1) Intent with flexing/extending. 
I get the whole flex/extend ankle/knee/hip label for reduce/increase joint angle, but I'm confused with how to apply force to the board from each option. For example, extend knee...from a basic athletic stance, I could "extend my knee" to a) crush a bug or aluminum can under my heel b) jump to try to touch the ceiling c) flick my foot forward to kick a ball or toss off a slipper
Those would weight the heel, weight the toe, and rotate the board, respectively. 

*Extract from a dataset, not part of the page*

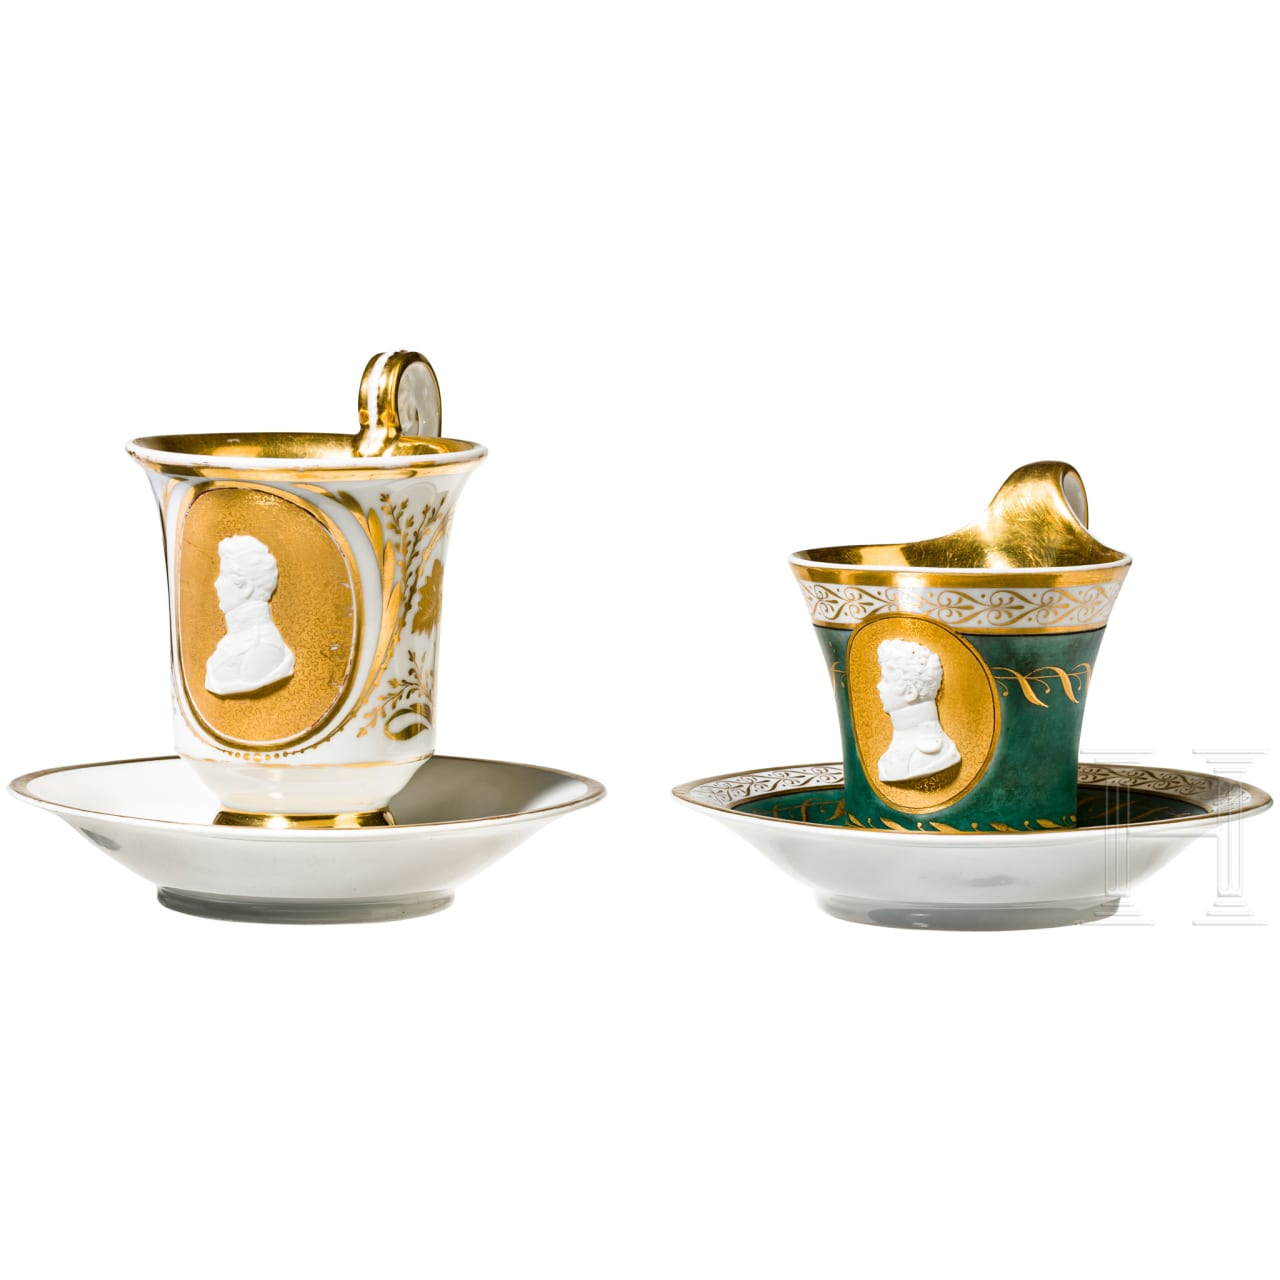 Friedrich Wilhelm IV as crown prince - two KPM cups, c. 1813
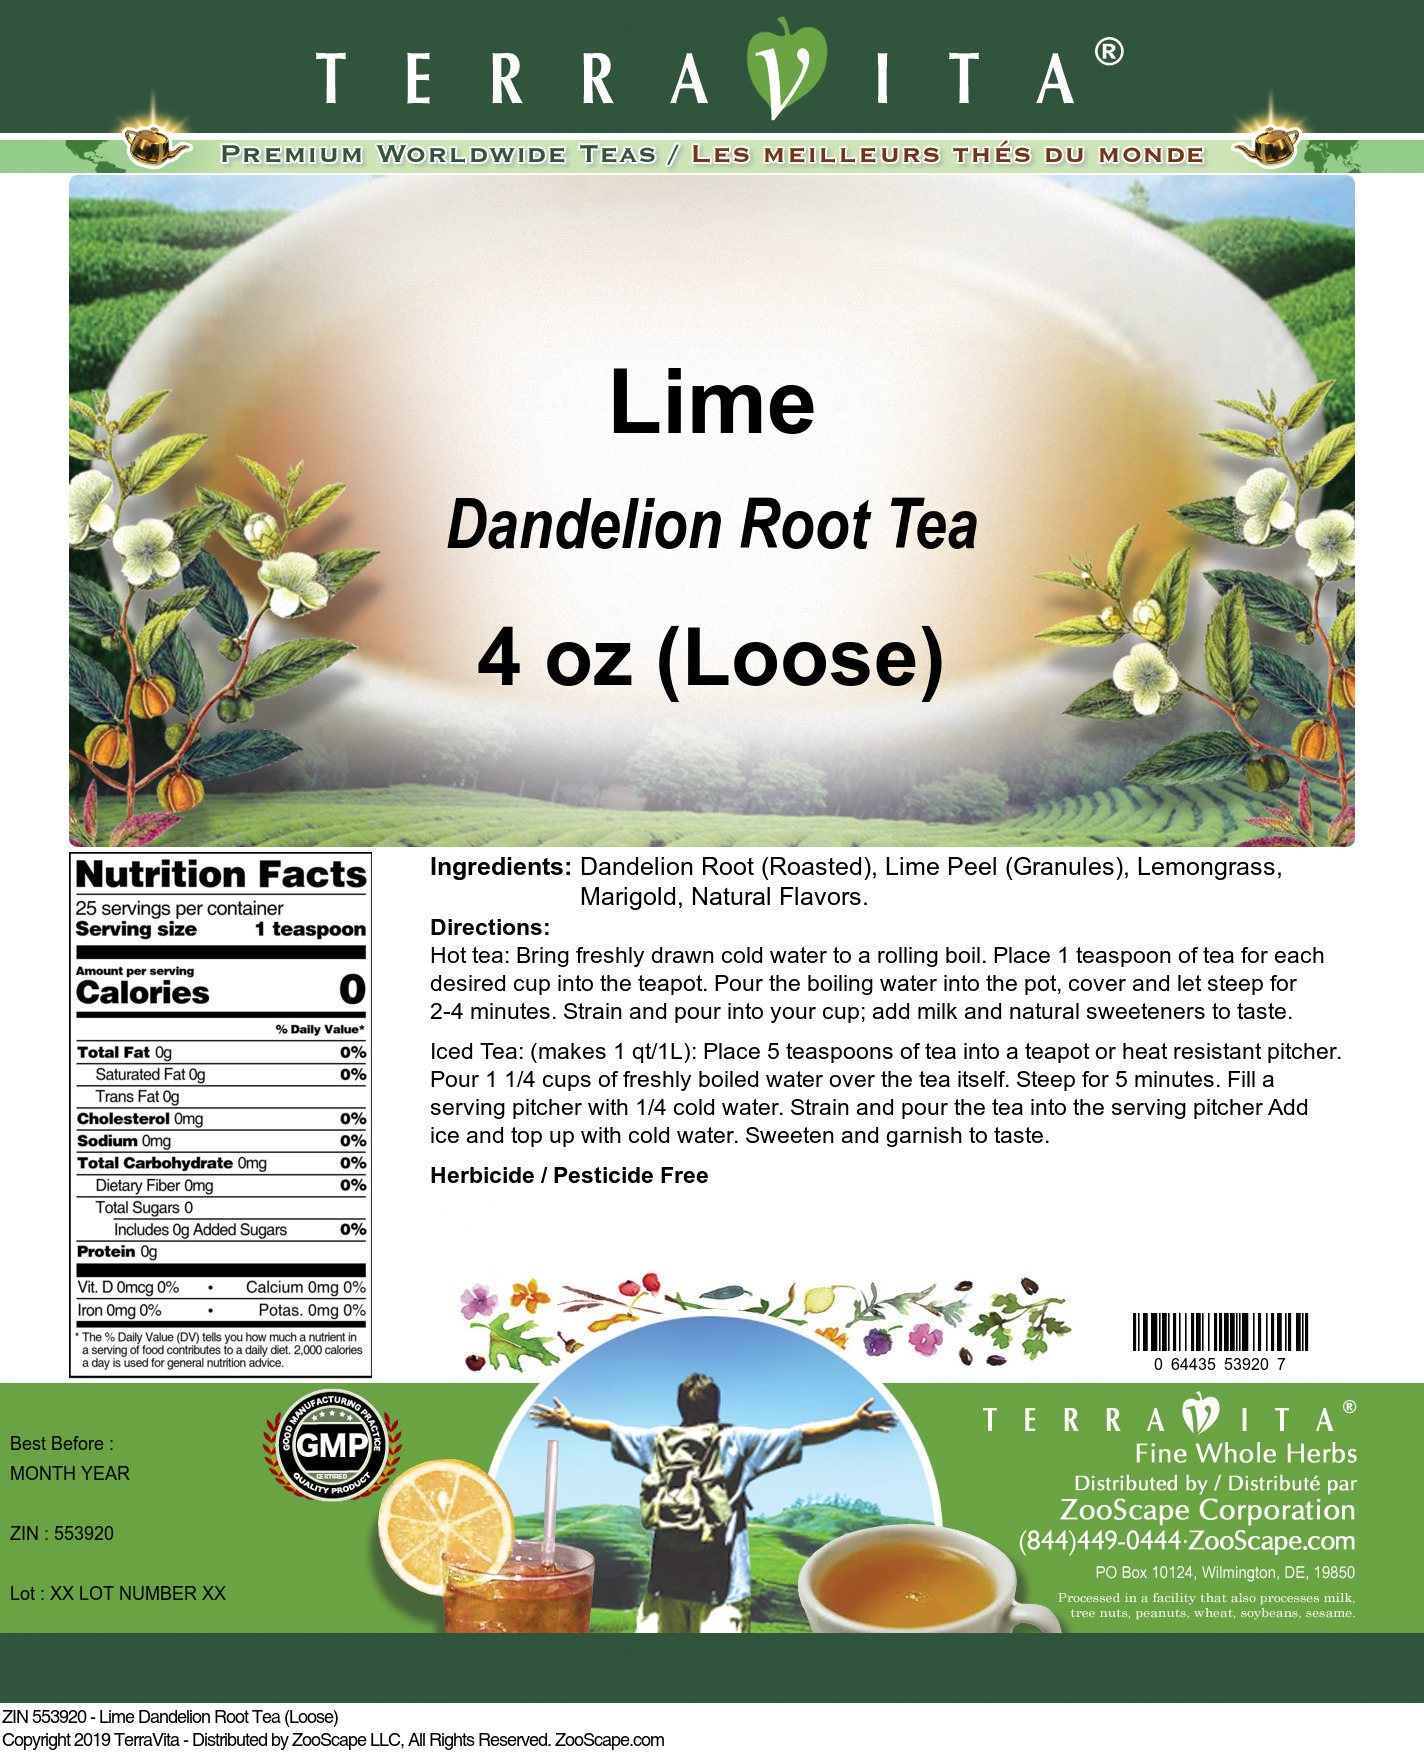 Lime Dandelion Root

Messing around, it feels like "flex knee" is supposed to weight the toe edge, but it's mainly because of COM moving over the toes. Conversely, "extend knee" weights the heel side, but there's actually muscular force applied from the quads down through the heels.
Could someone tell me what I should be trying to do to the board with flex/extend at each joint?

2) Applying force vs shifting weight. 
Right now I'm weighting toe edge by pressing down with toes (mainly foot muscles, probably a little calf). My understanding is it's best to avoid weighting edges by shifting COM because if you get out there too far, you can't pull it back. Is this right? Are the flex/extend ankle/knee/hip movements for steering (at my newb level) intended to apply muscular force to the board, as opposed to shifting my COM relative to the board? 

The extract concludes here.